Skin wound healing involves Notch/Jagged1 signaling. However, little is known how Jag1 expression level in epidermal stem cells (ESCs) contributes to wound healing and scar formation. We applied multiple cellular and molecular techniques to examine how Jag1 expression in ESCs modulates ESCs differentiation to myofibroblasts (MFB) in vitro, interpret how Jag1 expression in ESCs is involved in wound healing and scar formation in mice, and evaluate the effects of porcine acellular dermal matrix (ADM) treatment on wound healing and scar formation. We found that Jag1, Notch1 and Hes1 expression was up-regulated in the wound tissue during the period of wound healing. Furthermore, Jag1 expression level in the ESCs was positively associated with the level of differentiation to MFB. ESC-specific knockout of Jag1 delayed wound healing and promoted scar formation in vivo. In addition, we reported that porcine ADM treatment after skin incision could accelerate wound closure and reduce scar formation in vivo. This effect was associated with decreased expression of MFB markers, including α-SMA Col-1 and Col-III in wound tissues. Finally, we confirmed that porcine ADM treatment could increase Jag1, Notch1 and Hesl expression in wound tissues. Taken together, our results suggested that ESC-specific Jag1 expression levels are critical for wound healing and scar formation, and porcine ADM treatment would be beneficial in promoting wound healing and preventing scar formation by enhancing Notch/Jagged1 signaling pathway in ESCs.

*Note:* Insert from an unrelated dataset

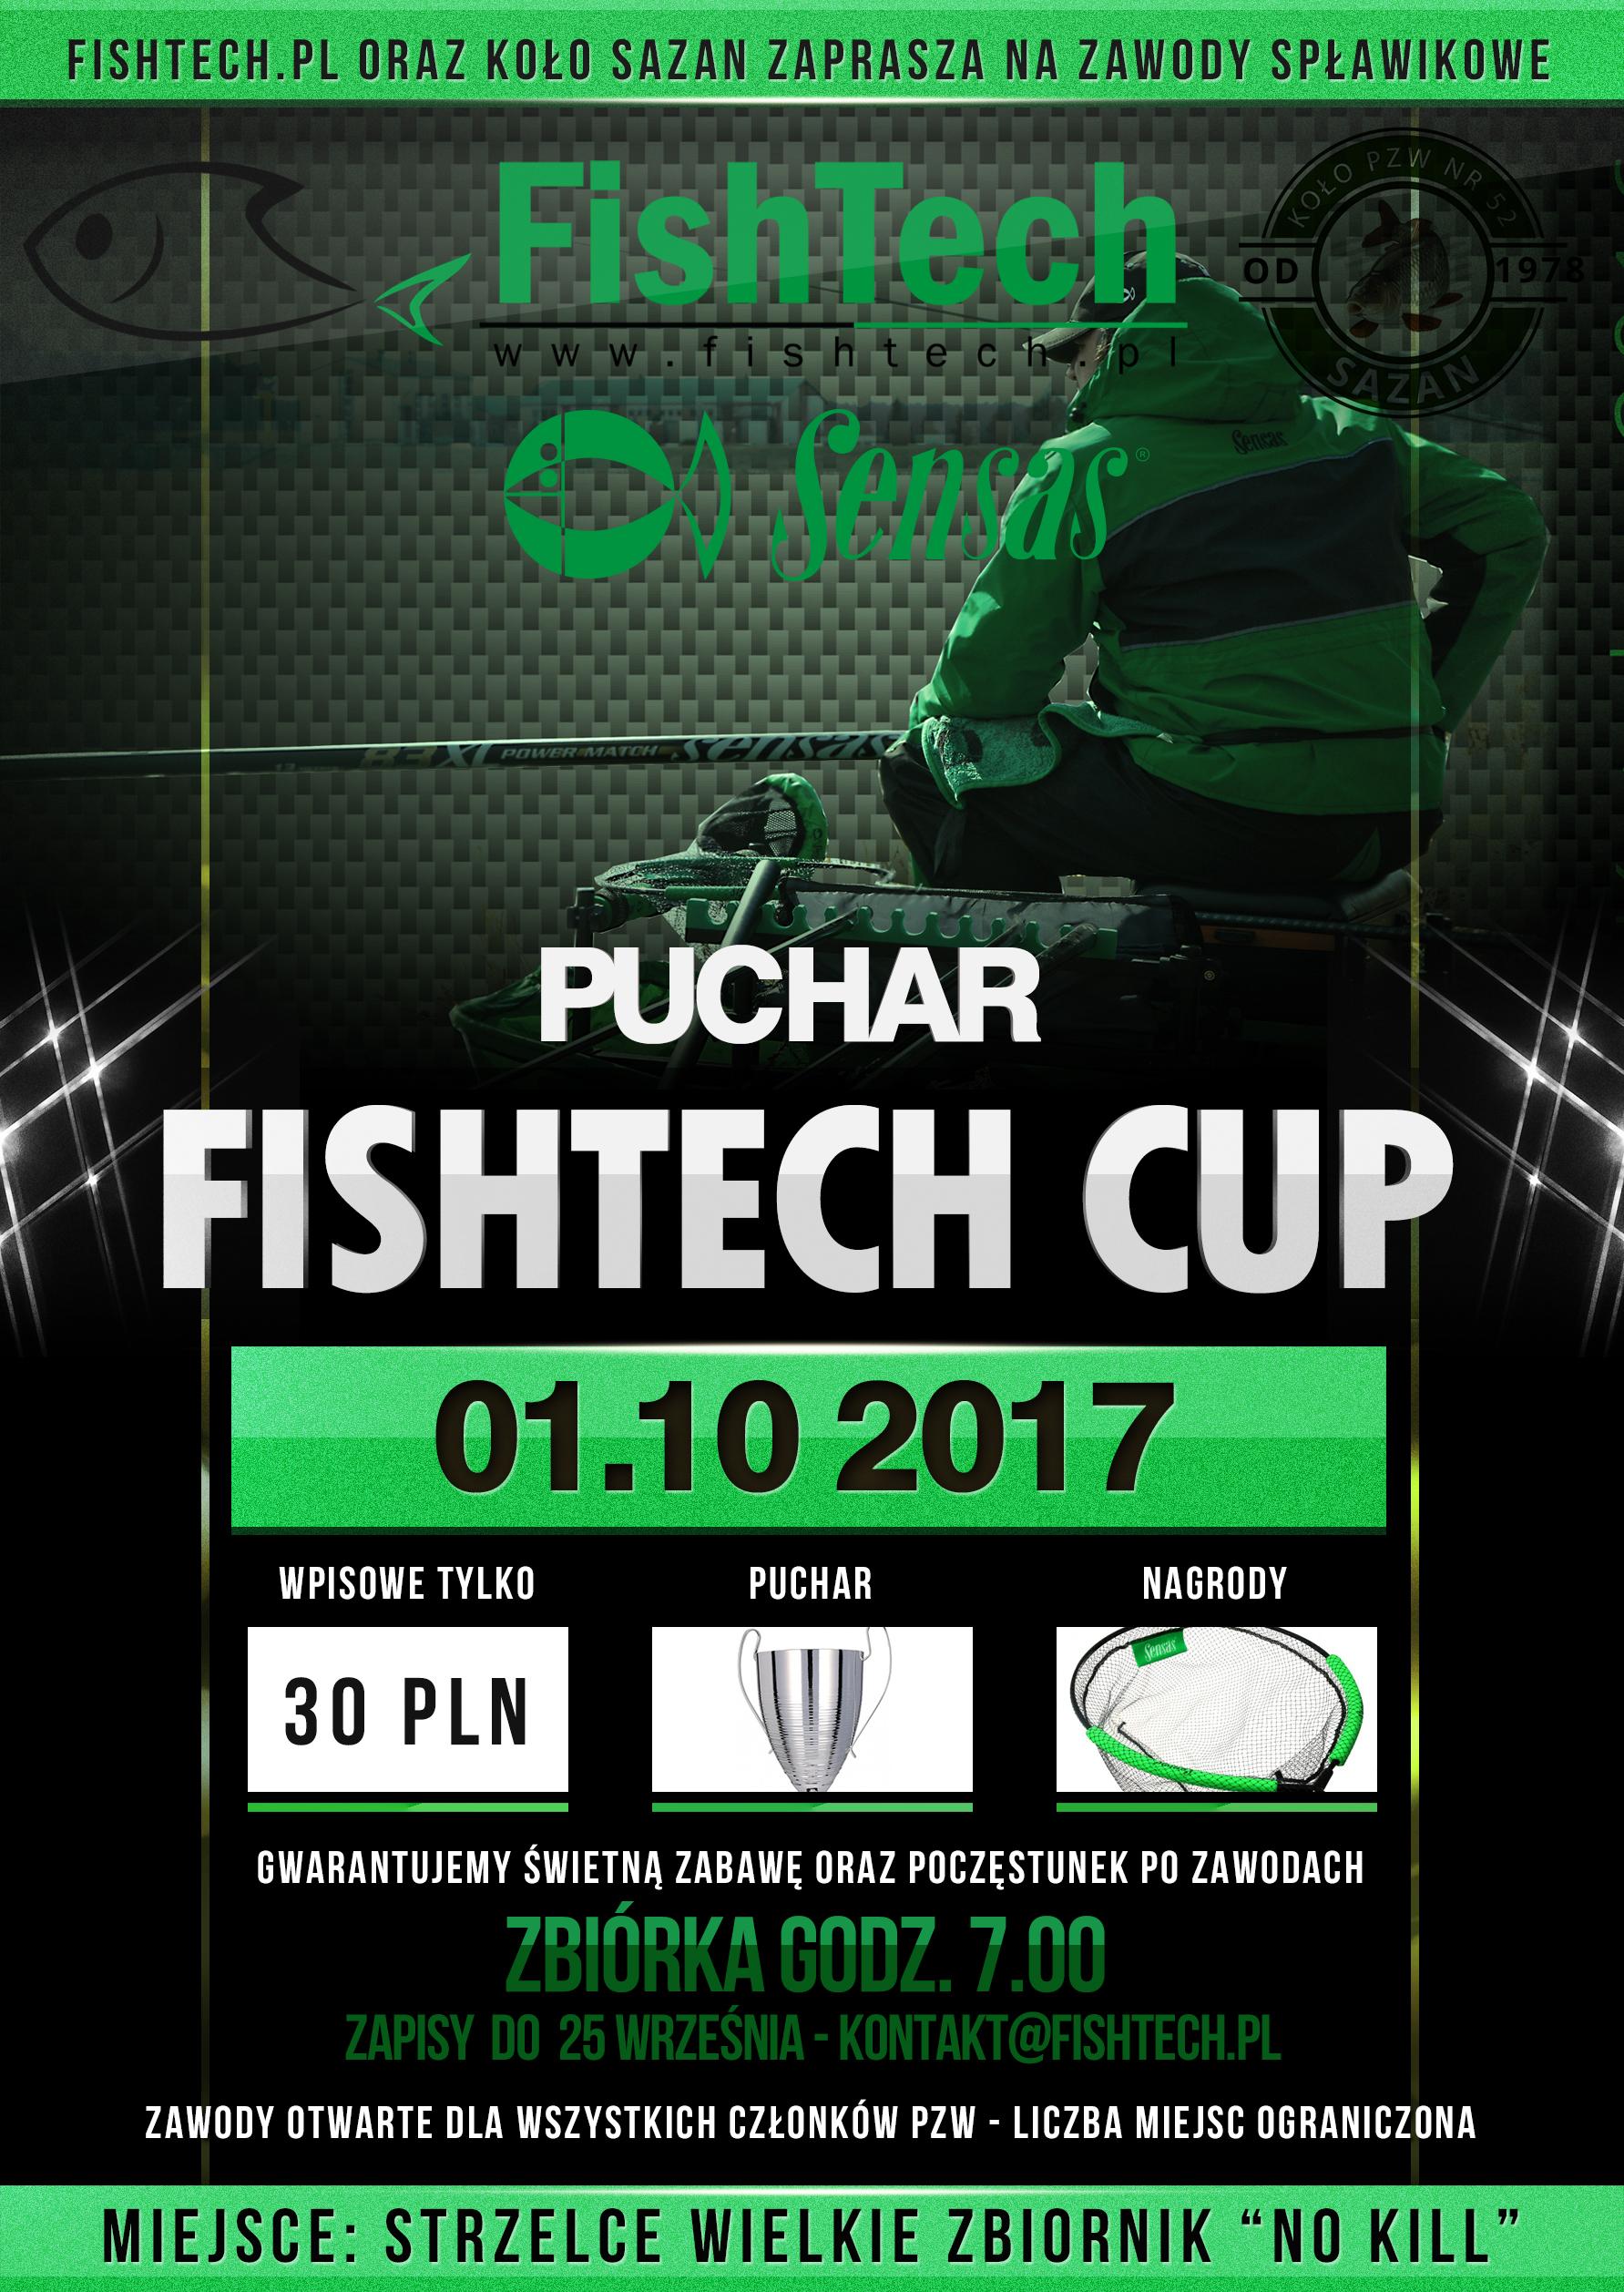 Zawody spławikowe OPEN FISHTECH CUP 01.10.2017
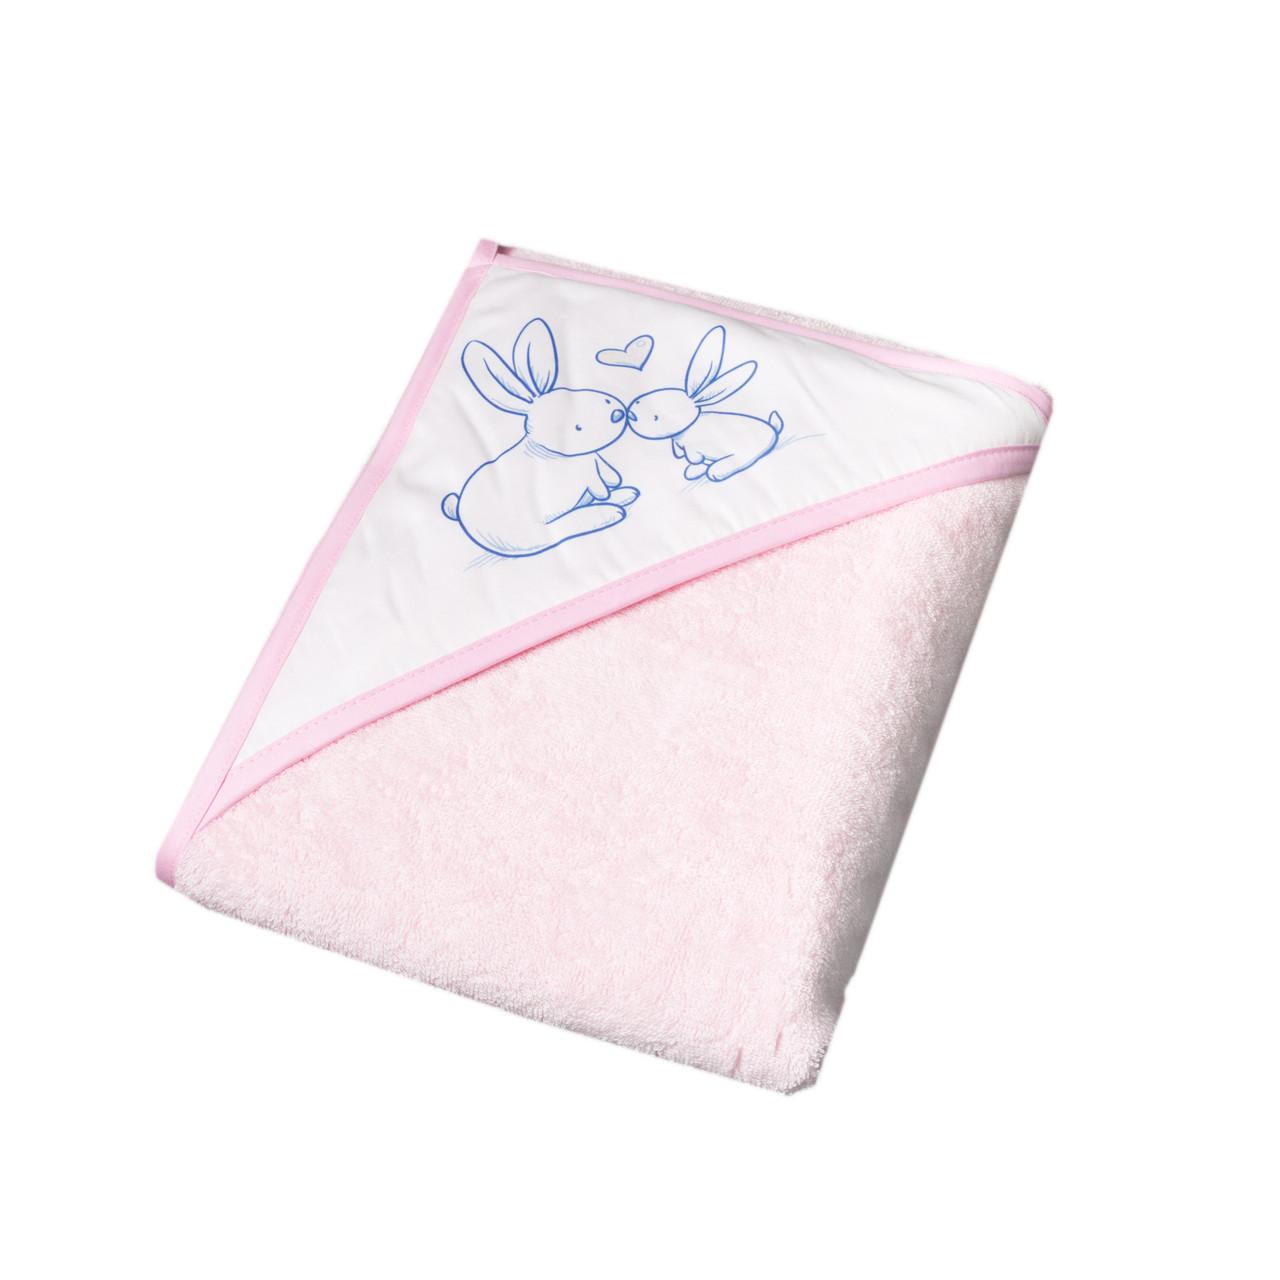 Полотенце с капюшоном КРОЛИКИ 100*100 см Tega Baby Розовый

皮肤伤口愈合涉及Notch / Jagged1信号传导。然而，鲜为人知的是表皮干细胞（ESC）中Jag1表达水平如何促进伤口愈合和疤痕形成。我们应用了多种细胞和分子技术，研究了ESC中Jag1表达如何在体外调节ESC向成肌纤维细胞（MFB）的分化，解释ESC中Jag1表达如何与小鼠伤口愈合和瘢痕形成有关，并评估猪脱细胞真皮基质（ADM）处理对伤口愈合和瘢痕形成的影响。我们发现在伤口愈合期间，Jag1，Notch1和Hes1表达在伤口组织中上调。此外，ESC中Jag1表达水平与向MFB分化的水平呈正相关。Jag1的ESC特异性敲除可延迟伤口愈合并促进体内疤痕形成。此外，我们报道了皮肤切口后的猪ADM处理可加速伤口闭合并减少体内疤痕形成。该作用与伤口组织中MFB标志物（包括α-SMACol-1和Col-III）的表达降低有关。最后，我们证实了猪ADM处理可以增加伤口组织中Jag1，Notch1和Hesl的表达。综上所述，我们的结果表明，ESC特异的Jag1表达水平对于伤口愈合和瘢痕形成至关重要，而猪ADM处理将通过增强ESC中的Notch / Jagged1信号通路来促进伤口愈合和防止瘢痕形成。